Aldosteron antagonis dipakai untuk memperkuat efek diuretik atau pada pasien dengan
hipokalemia, dan ada beberapa studi yang menunjukkan penurunan mortalitas dengan
pemberian jenis obat ini.
Pemakaian obat dengan efek diuretik-vasodilatasi seperti Brain N atriuretic Peptide
(Nesiritide) masih dalam penelitian. Pemakaian alat Bantu seperti Cardiac
54
Resychronization Theraphy (CRT) maupun pembedahan, pemasangan ICD (Intra-Cardiac
Defibrillator) sebagai alat pencegah mati mendadak pada gagal jantung akibat iskemia
maupun non-iskemia dapat memperbaiki status fungsional dan kualitas hidup, namun
mahal.
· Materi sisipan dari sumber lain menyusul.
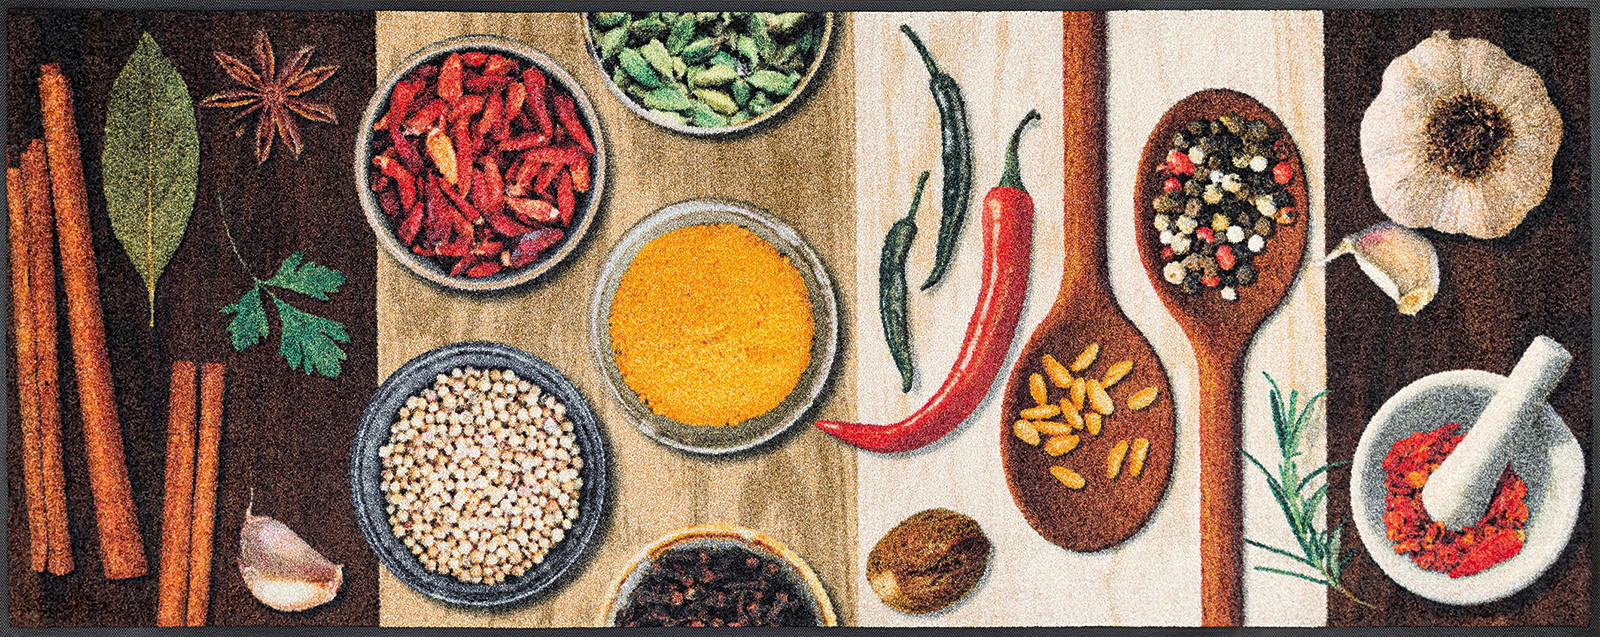 KÜCHENLÄUFER 75/190 cm Hot Spices  - Multicolor, KONVENTIONELL, Kunststoff/Textil (75/190cm) - wash+dry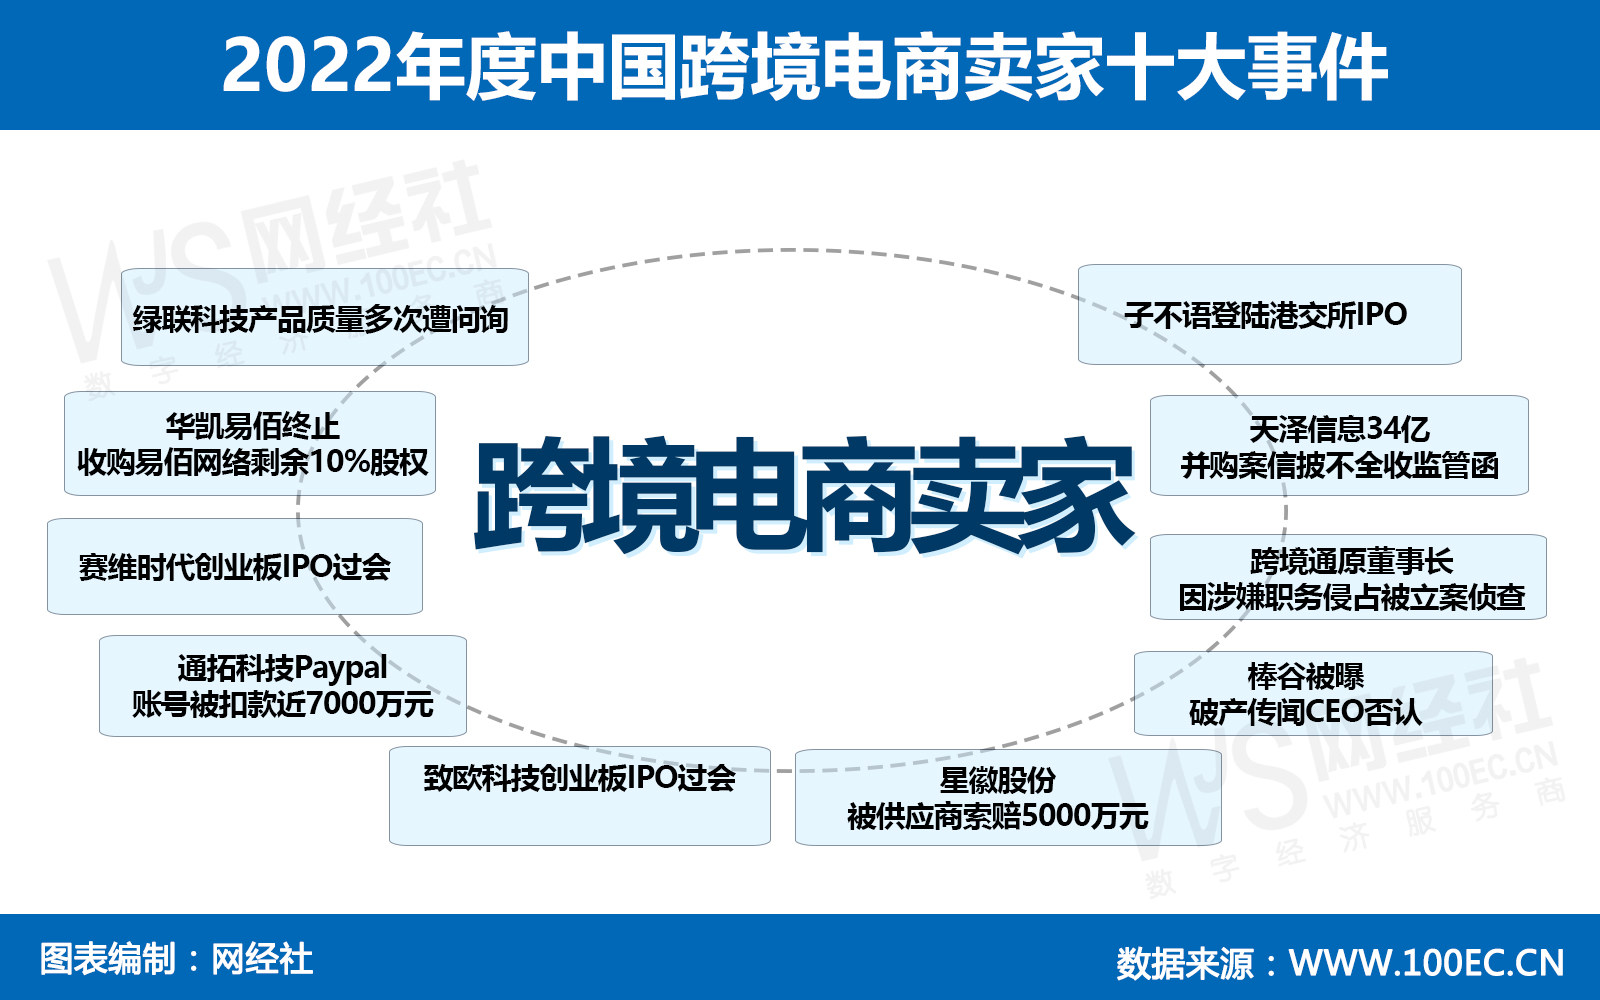 2022年度中国跨境电商卖家十大事件(1).jpg

Transplantasi sel dan stimulasi regenerasi miokard, masih terkendala dengan
masih minimalnya jumlah miokard yang dapat ditumbuhkan untuk mengganti miokard
yang rusak dan masih memerlukan penelitian lanjut.
3. Operatif
Pemakaian Alat dan Tindakan Bedah antara lain :
Revaskularisasi (perkutan, bedah)
Operasi katup mitral
Aneurismektomi
Kardiomioplasti
External cardiac support
Pacu jantung, konvensional, resinkronisasi pacu jantung biventricular.
Implantable cardioverter defibrillators (ICD).
Heart transplantation, ventricular assist devices, artificial heart.
Ultrafiltrasi, hemodialisis.
Prognosis
Pada bayi dan anak lebih baik daripada orang dewasa bila ditolong dengan segera. Hal ini
disebabkan oleh karena belum terjadi perburukan pada miokardium.
Ada beberapa faktor yang menentukan prognosa, yaitu :
Waktu timbulnya gagal jantung.
Timbul serangan akut atau menahun.
Derajat beratnya gagal jantung.
55
Penyebab primer.
Kelainan atau besarnya jantung yang menetap.
Keadaan paru.
Cepatnya pertolongan pertama.
Respons dan lamanya pemberian digitalisasi.
Seringnya gagal jantung kambuh.
Upaya pencegahan
Pencegahan gagal jantung, harus selalu menjadi hal yang diutamakan, terutama pada
kelompok dengan risiko tinggi.
· Obati penyebab potensial dari kerusakan miokard.
· Pengobatan infark jantung segera di triase, serta pencegahan infark ulangan.
· Pengobatan hipertensi yang agresif.
· Koreksi kelainan kongenital serta penyakit katup jantung.
· Memerlukan pembahasan khusus.
· Bila sudah ada disfungsi miokard, upayakan eliminasi penyebab yang mendasari.